▶ [Directions for this task] From the first line of the data down to the line bearing "Kort over Campo", output every line exactly and include no pictures.

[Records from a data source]
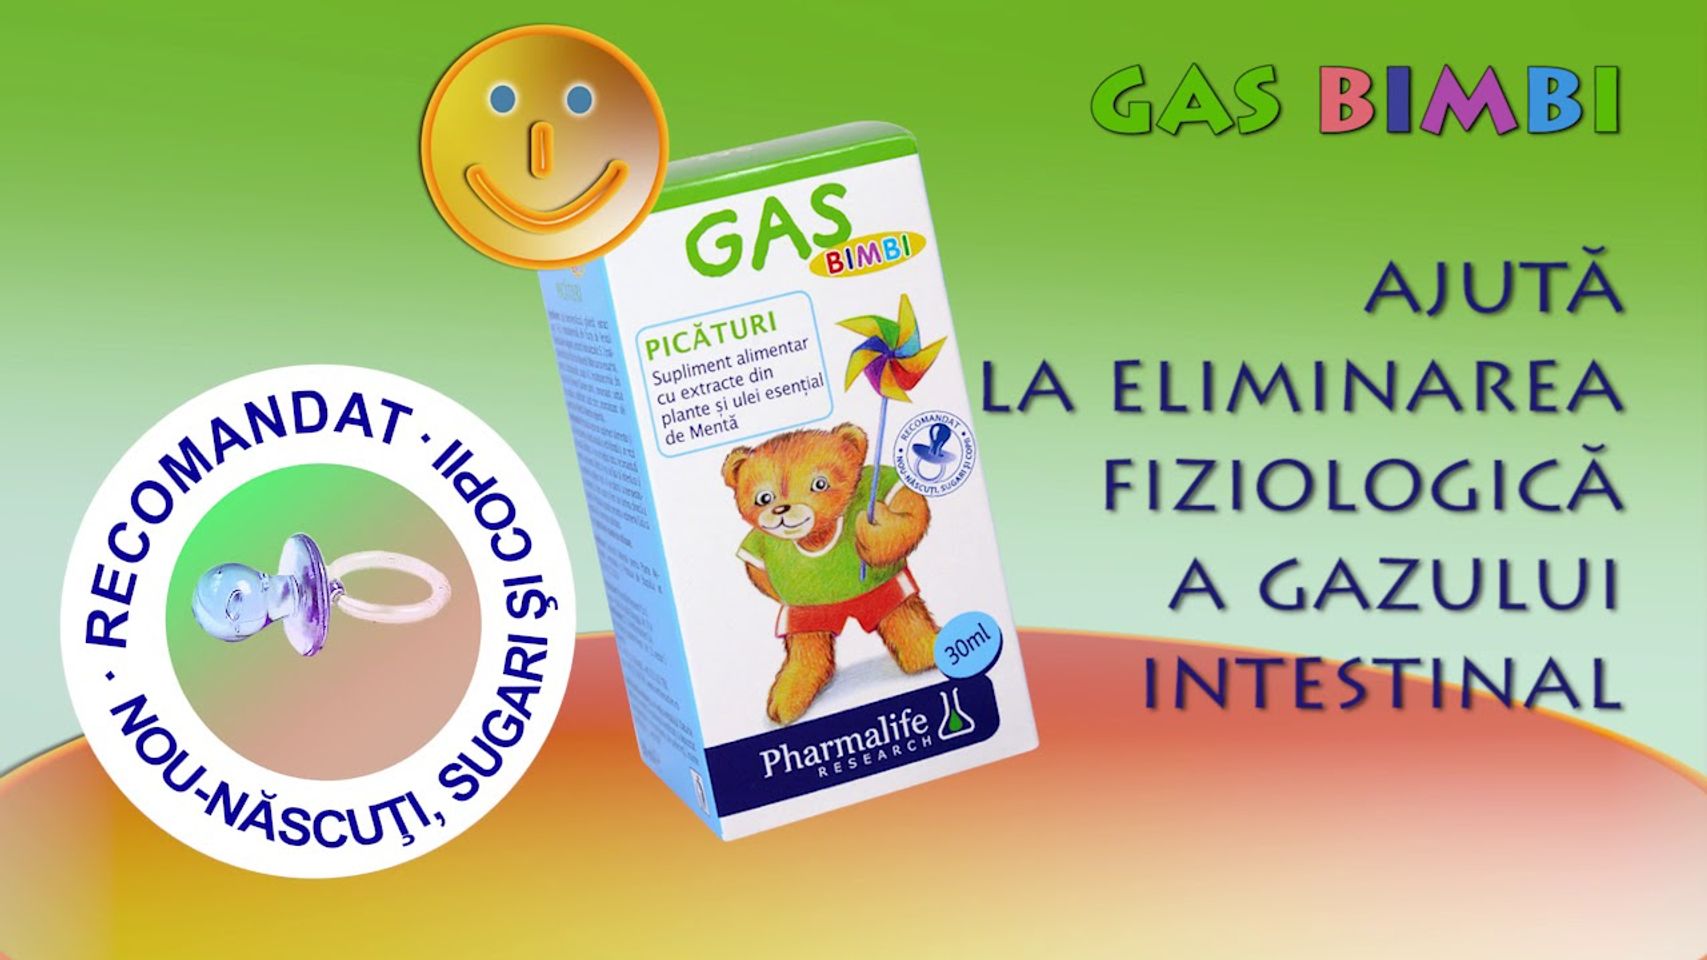 Thực phẩm bảo vệ sức khỏe GAS bimbi 2
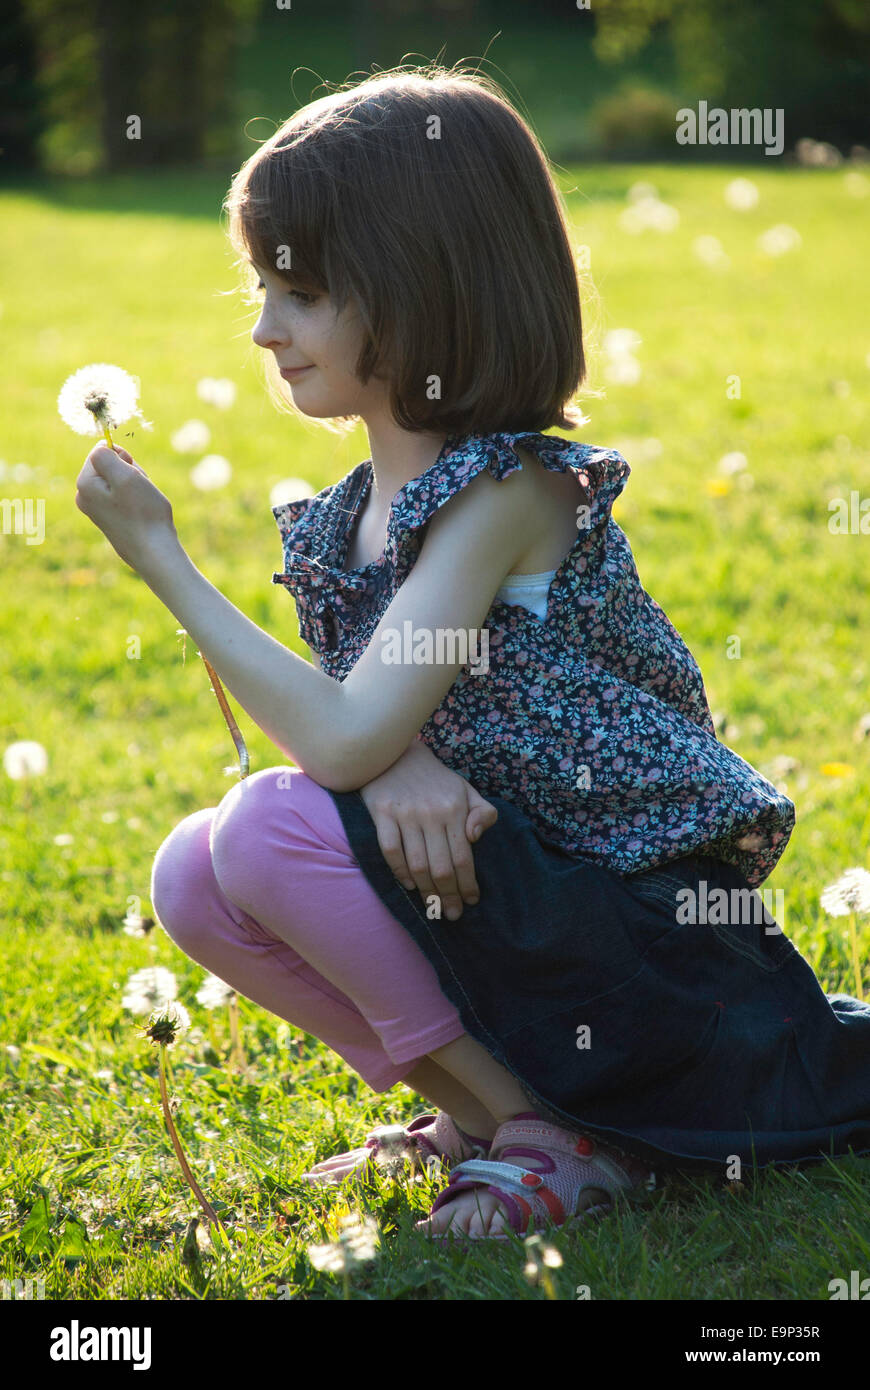 Una giovane ragazza in un soleggiato giardino guardando un dente di leone Foto Stock
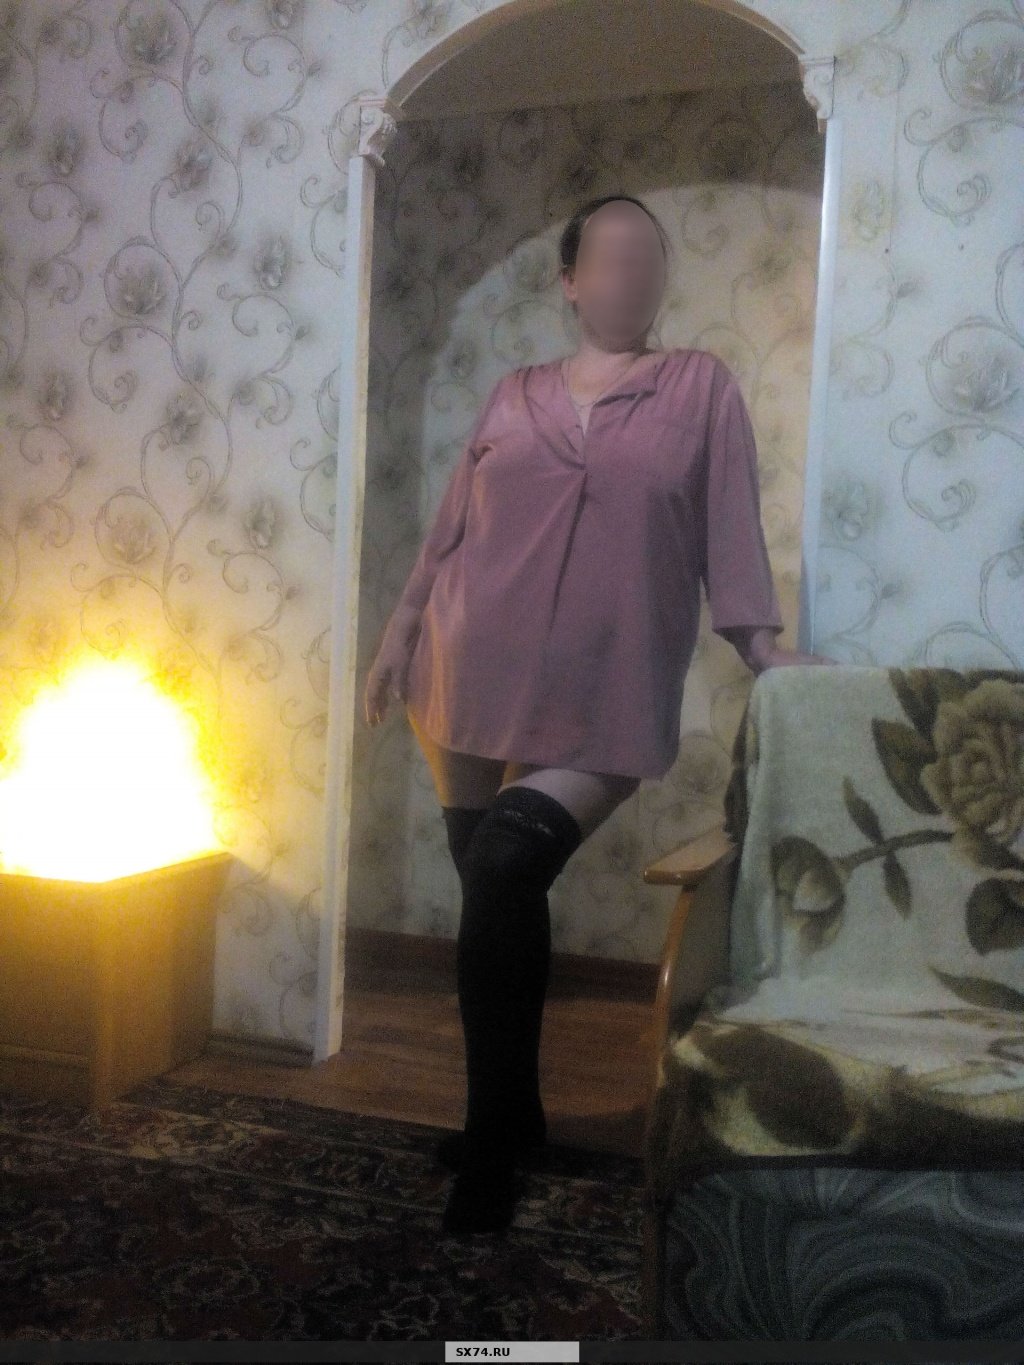 Яночка: проститутки индивидуалки в Челябинске
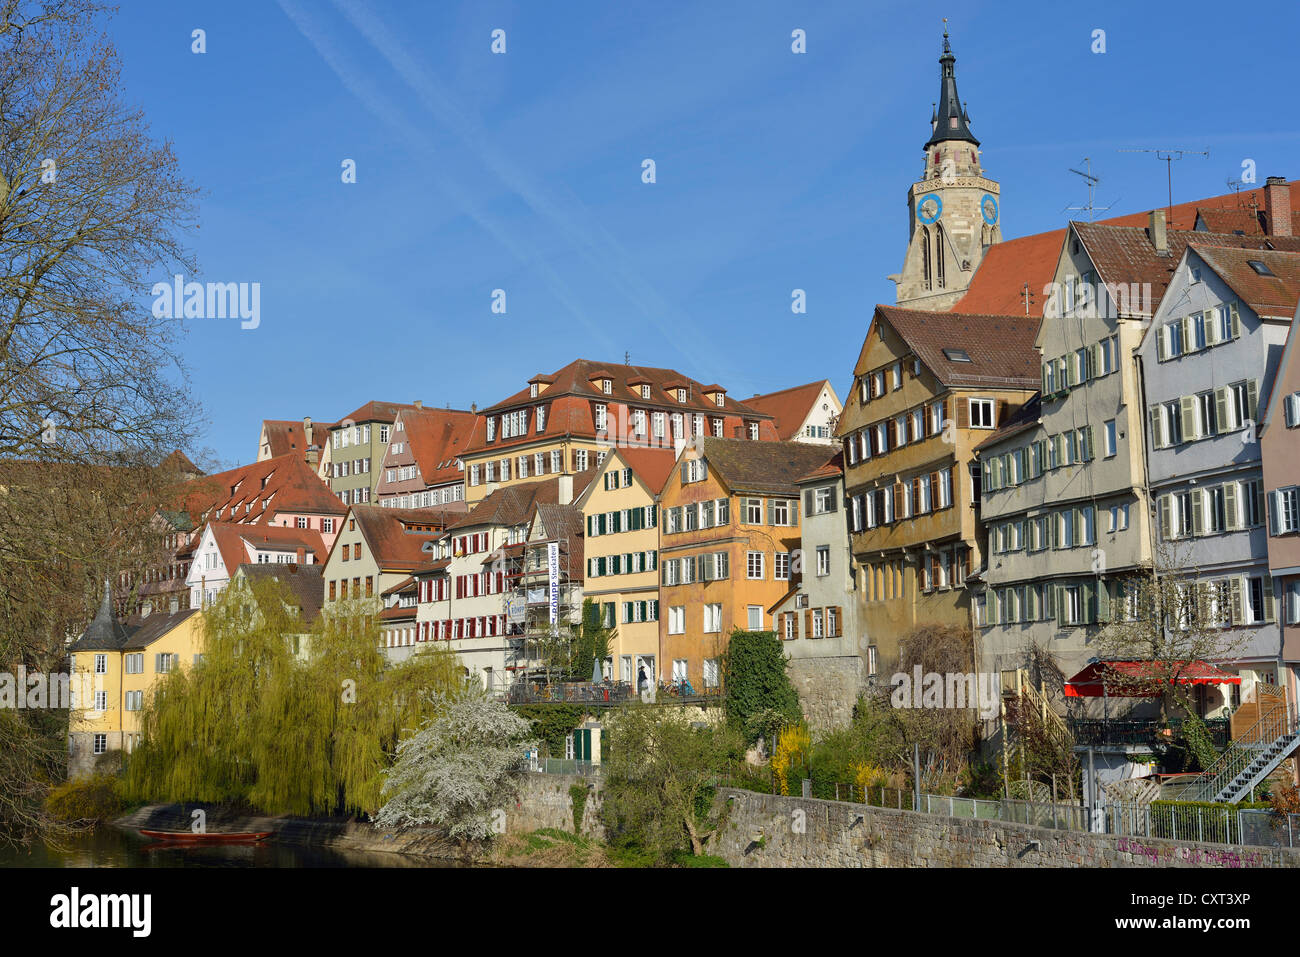 Row of houses on the Neckar river, Tuebingen, Baden-Wuerttemberg, Germany, Europe Stock Photo
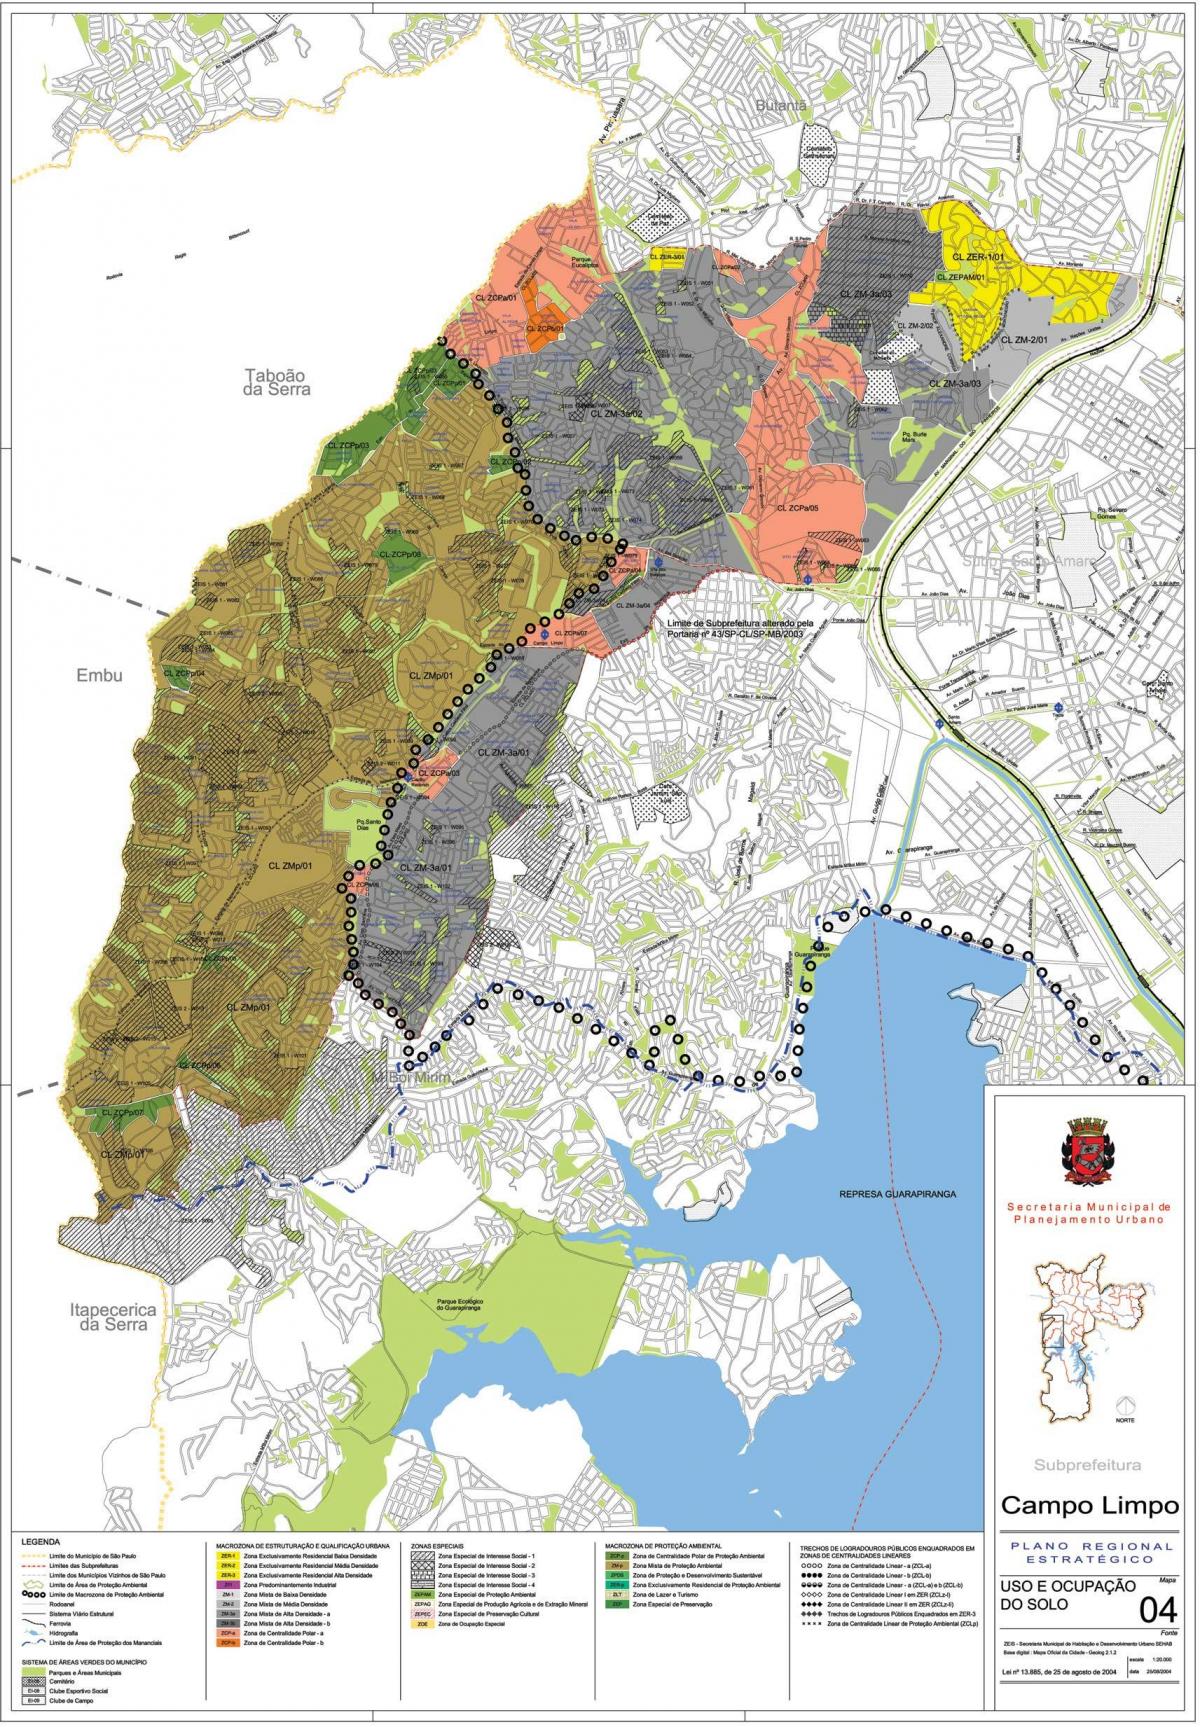 Kort over Campo Limpo São Paulo - Besættelse af jord
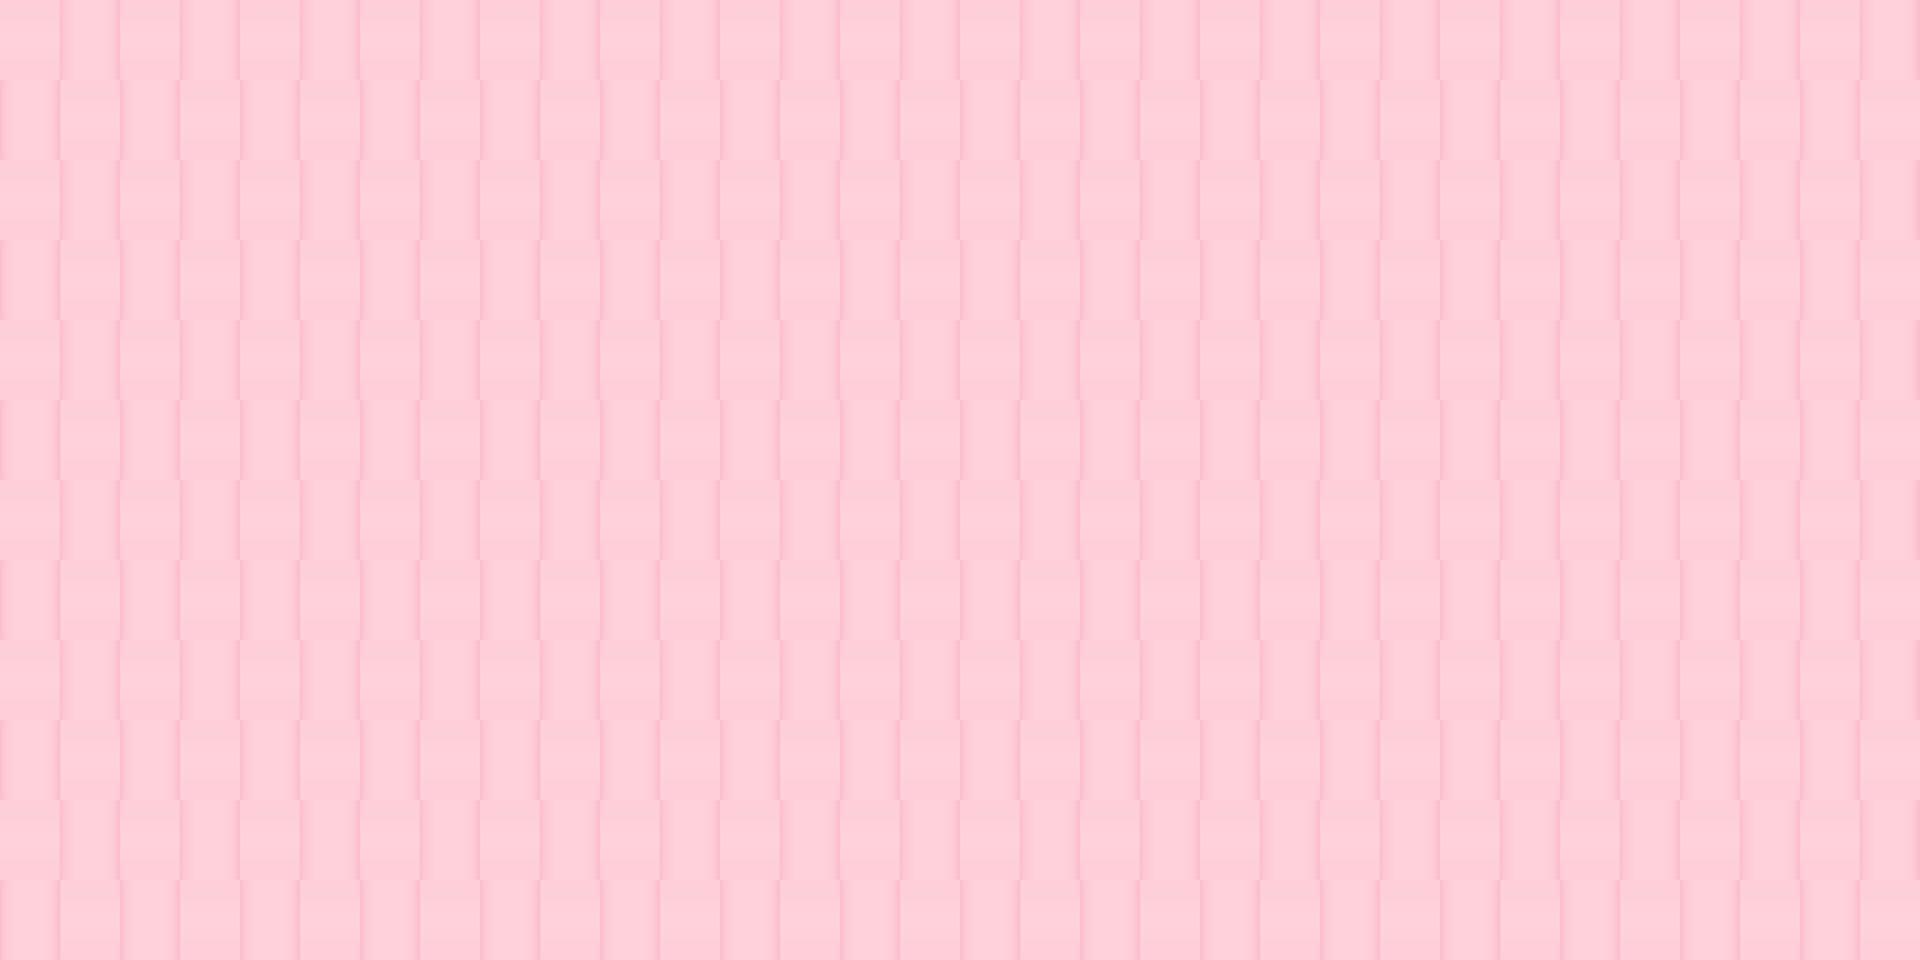 abstracto geométrico cuadrado de patrones sin fisuras fondo rosa. ilustración vectorial eps10 vector

▶ [Output]
 Thực phẩm bảo vệ sức khỏe GAS bimbi 2
 Una giovane ragazza in un soleggiato giardino guardando un dente di leone Foto Stock
 Яночка: проститутки индивидуалки в Челябинске
 Row of houses on the Neckar river, Tuebingen, Baden-Wuerttemberg, Germany, Europe Stock Photo
 Kort over Campo Limpo São Paulo - Besættelse af jord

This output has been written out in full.